In the 90s bass clarinetist Gene Coleman, director of the new-music group Ensemble Noamnesia, helped connect Chicago’s avant-classical community to like-minded European musicians and to the city’s post-rock scene. He’s in Pennsylvania now, but his interest in musical cross-pollination hasn’t waned a bit. His latest venture is the Tabadol Project, which unites improvisers from Beirut with American and European players in five U.S. cities this month. The Lebanese musicians have built a scene from scratch in a country that’s still recovering from years of civil war and foreign occupation, and they’re developing a vocabulary that owes little to either jazz or traditional Middle Eastern music. Mazen Kerbaj, for example, stands alongside Greg Kelley, Franz Hautzinger, and Axel Dorner as one of the most radical trumpeters on the planet. On BRT VRT ZRT KRT, a solo album on his own Al Maslakh label, he modifies the instrument with metal tubes and a saxophone mouthpiece and mutes it with metal plates, creating sounds that evoke a stove crowded with boiling kettles. And Rouba3i5 (Al Maslakh), recorded with a Lebanese-Norwegian quartet that includes fellow Tabadol participant Christine Sehnaoui on sax, proves he also has a refined sense of give-and-take. Tonight’s performance, the first of three here, features four Lebanese musicians (Kerbaj, Sehnaoui, multi-instrumentalist Raed Yassin, and oud player Ziad El Ahmadie), two Americans (Coleman and cellist Marina Peterson), and Swiss violist Charlotte Hug (see Wednesday) accompanying local dancers Asimina Chremos and Nicole Legette. See also Wednesday and Thursday. Tue 7/18, 9 PM, Link’s Hall, 3435 N. Sheffield, second floor, 773-281-0824, $10 suggested donation. All ages.

Wednesday, the Mouhktabar Ensemble, which includes bass clarinetist Gene Coleman, cellist Marina Peterson, local electronicist Michael Hartman, and four Lebanese musicians, will perform a work in progress by Coleman that uses the spatial and sonic qualities of the Arab Institute building in Paris as a “metaphoric score.” A discussion about the impact of globalization on music and architecture is at 7 PM. Wed 7/19, 8 PM, Experimental Station, 6100 S. Blackstone, 773-241-5458. Free. All ages.

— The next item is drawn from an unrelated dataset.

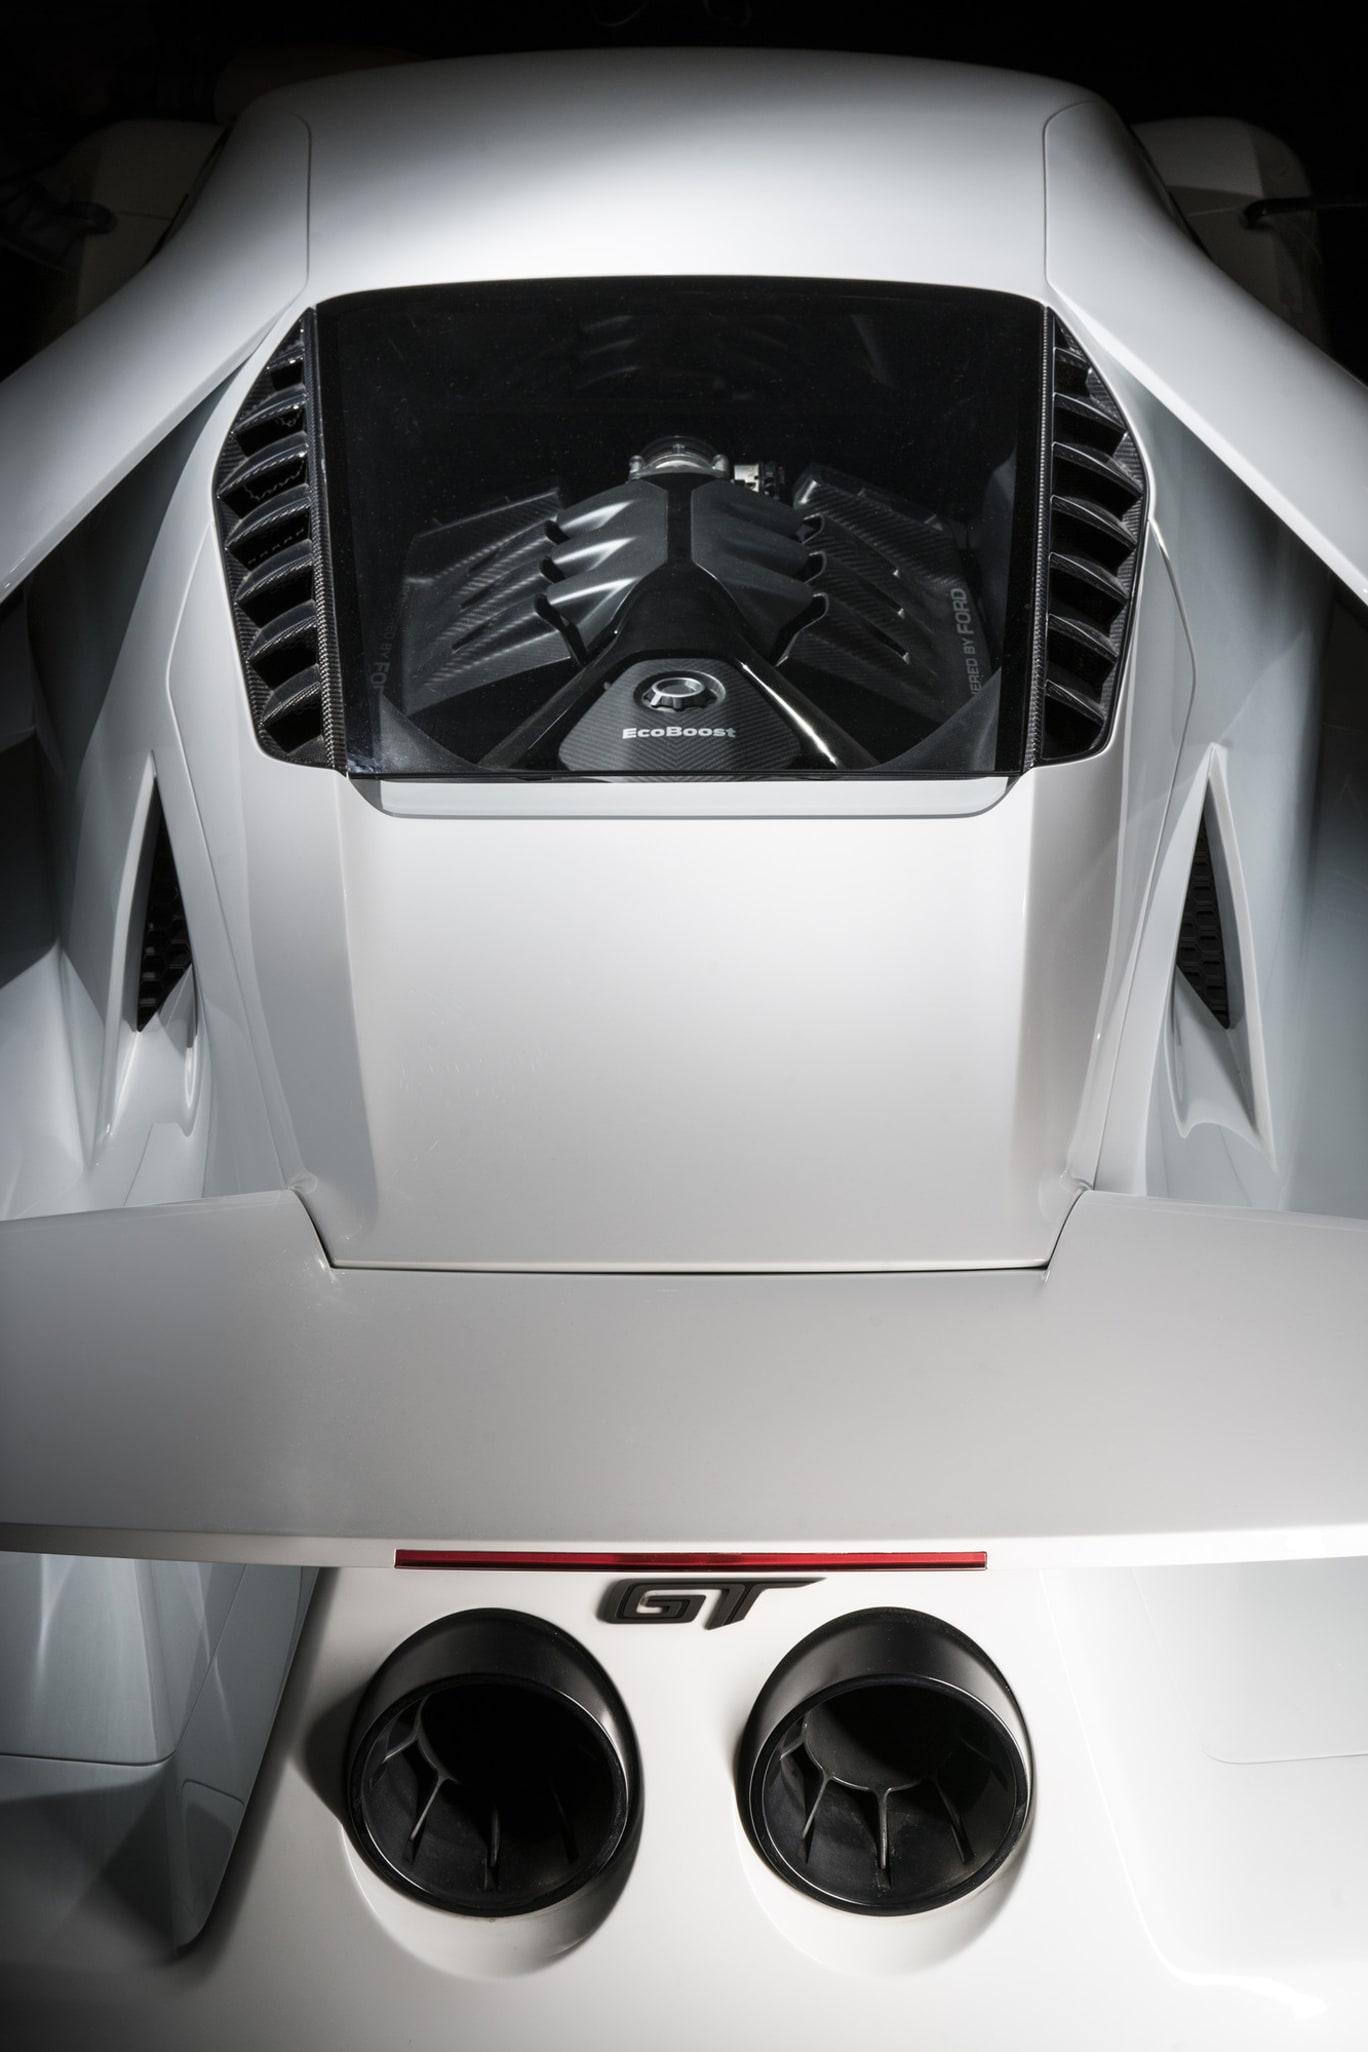 Hjärtat i nya Ford GT är en 3,5 liters V6 motorn med dubbla turboaggregat och på 647 hästar. Längst bak sitter två stora ändrör med en GT logo mellan.

Thursday, the evening features two sets. The first is an acoustic improvisation with Lebanese musicians Mazen Kerbaj (trumpet), Christine Sehnaoui (alto sax), and Raed Yassin (double bass), joined by local percussionist Michael Zerang, who’s already played with the others here and in Beirut. The ensemble for the second consists of Swiss violist Charlotte Hug (see Wednesday), Lebanese oud player Ziad El Ahmadie, and several locals–ARP fiend Jim Baker and electronic musicians Todd Carter, Michael Hartman, Jason Soliday, Brian Labycz, and Robb Drinkwater. Thu 7/20, 9 PM, Enemy, 1550 N. Milwaukee, third floor, 312-493-3657, $5. All ages.